Behavioral Health Privacy: HIPAA, 42 CFR Part 2, and Private Clients

Understanding the Two-Tiered Legal Framework That Governs Addiction Treatment Records

There is a persistent misunderstanding among otherwise well-informed people that HIPAA — the Health Insurance Portability and Accountability Act of 1996 — is the primary law protecting the privacy of addiction treatment records. It is not. HIPAA is the floor. For substance use disorder treatment records specifically, a separate and substantially more protective federal regulation governs: 42 CFR Part 2, formally titled the Confidentiality of Substance Use Disorder Patient Records. The distinction between these two frameworks is not academic. For private clients navigating behavioral health treatment, understanding where HIPAA ends and Part 2 begins is the difference between meaningful privacy protection and a false sense of security.

What HIPAA Actually Covers

HIPAA's Privacy Rule, codified at 45 CFR Parts 160 and 164, establishes national standards for the protection of individually identifiable health information held by covered entities — health plans, healthcare clearinghouses, and healthcare providers who conduct certain electronic transactions. The Privacy Rule restricts how these entities can use and disclose protected health information (PHI), requires them to implement safeguards, and gives patients certain rights over their records, including the right to access, amend, and receive an accounting of disclosures.

These are meaningful protections. But they contain exceptions that are significant for behavioral health patients.
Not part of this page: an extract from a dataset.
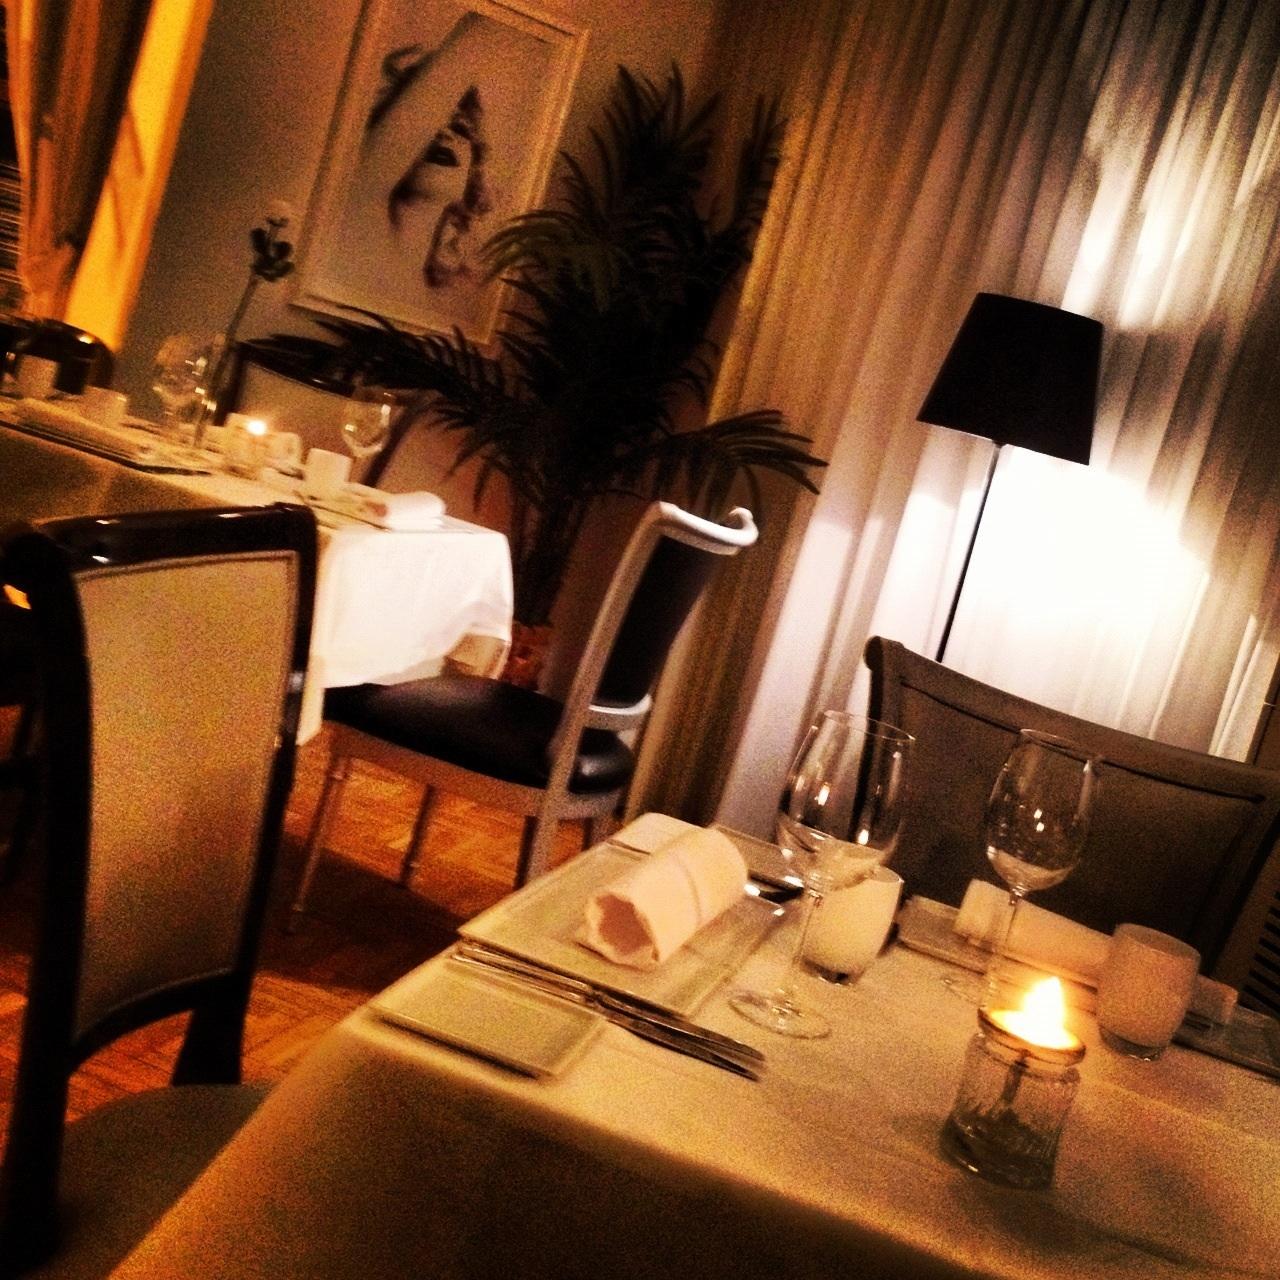 Restaurante en Valencia Espacio fantastico que recordaba a Paris

Under HIPAA, covered entities may disclose PHI without patient authorization for treatment, payment, and healthcare operations — the so-called TPO exception. This means your psychiatrist can share your records with another provider involved in your care, your insurance company can access your records to process claims, and healthcare organizations can use your information for quality assessment and business management activities. For routine medical care, these exceptions are generally benign. For substance use disorder treatment, they create exposure pathways that Congress specifically sought to close with a different law.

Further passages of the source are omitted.